Bertrand l’assure, il sera au rendez-vous de la « structuration » du mouvement politique d’Arnaud Montebourg, annoncé dans le Journal de Saône-et-Loire en octobre. Baptisé « La Rose et le réséda », il sera lancé le 4 février à Paris.
« Montebourguiste, montebourgeois, montebour-rien, je ne sais toujours pas comment dire, mais oui je le reste ».
En attendant, il redevient simple électeur pour la présidentielle. Et comme d’autres montebourguistes, il ne cache pas sa préférence pour le Front de gauche.

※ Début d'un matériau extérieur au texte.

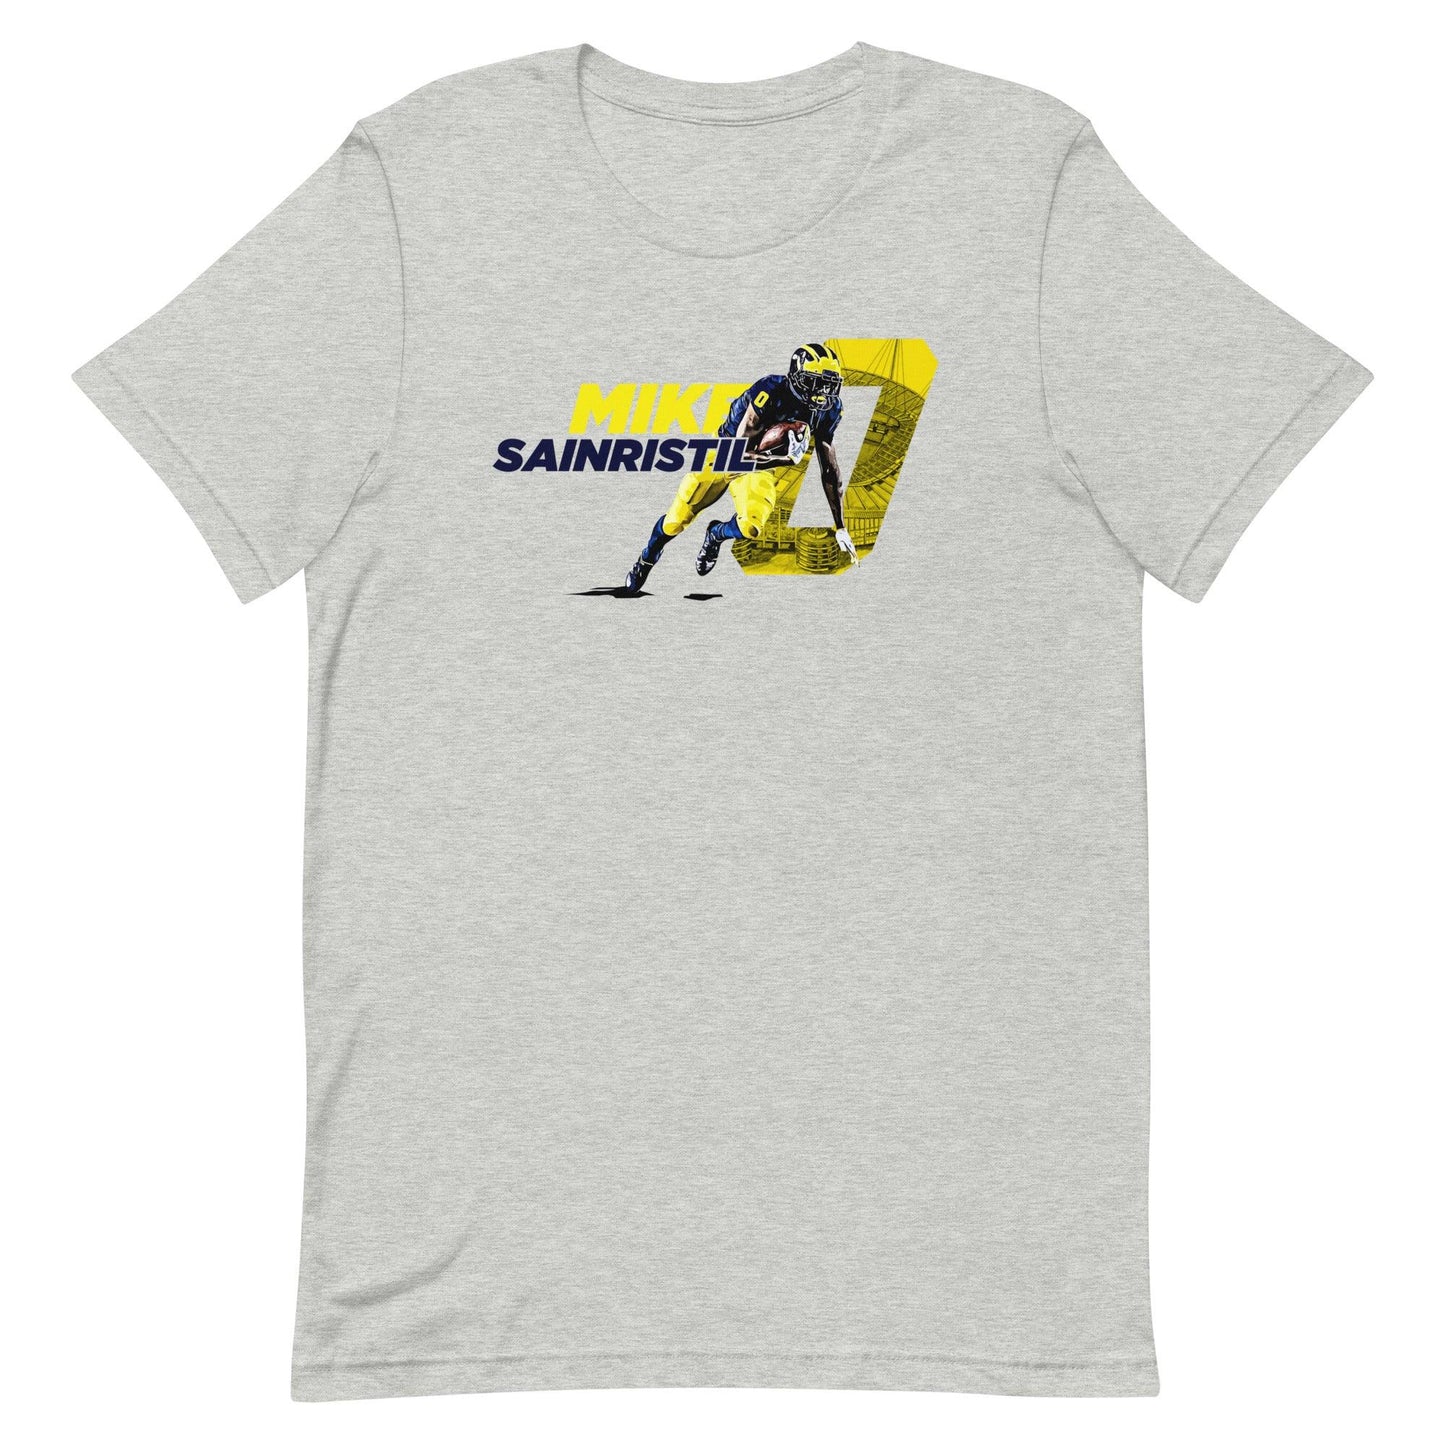 Mike Sainristil "Gameday" t-shirt - Fan Arch

« Quand Mélenchon débat avec Copé, il y a deux positions, deux programmes opposés. C’est ce débat là qu’on doit avoir: d’un côté un libéralisme assumé, la mondialisation, la compétitivité, en clair des mots très jolis mais qui ont comme traduction sociale des fermetures d’usines et le chômage pour des mères de famille ; et de l’autre coté l’économie sociale et solidaire, le partage du capital, l’identification des problèmes structurels en politique économique, et les propositions de réforme de celui-ci. Mélenchon en a fini avec le bruit et la fureur : il est apaisé et déballe proposition sur proposition. »
A titre d’exemple, il cite la prestation du jeudi 12 janvier 2012 sur France 2, dans l’émission « Des paroles et des actes ». « La meilleure émission politique de la campagne pour l’instant », selon lui.
J.-L. Mélenchon «Des paroles et des actes» par lepartidegauche
Reste que la menace lepéniste est tenace. « Le Front national est un symptôme, c’est ça qui est triste,considère Bertrand. Le socialiste Vincent Peillon a parlé « d’acteur de l’abaissement national ». Je suis d’accord avec lui: 20% des sondés n’ont plus honte. Ca révèle l’état réel de la curiosité, de la tolérance, de l’ouverture des individus dans notre société. N’oublions pas que le Front national « new age », c’est une héritière devant, avec un beau discours sur la laïcité, et les vieux groupuscules intégristes catholiques cachés derrière. » (notre dernier article sur les groupuscules lyonnais d’extrême droite).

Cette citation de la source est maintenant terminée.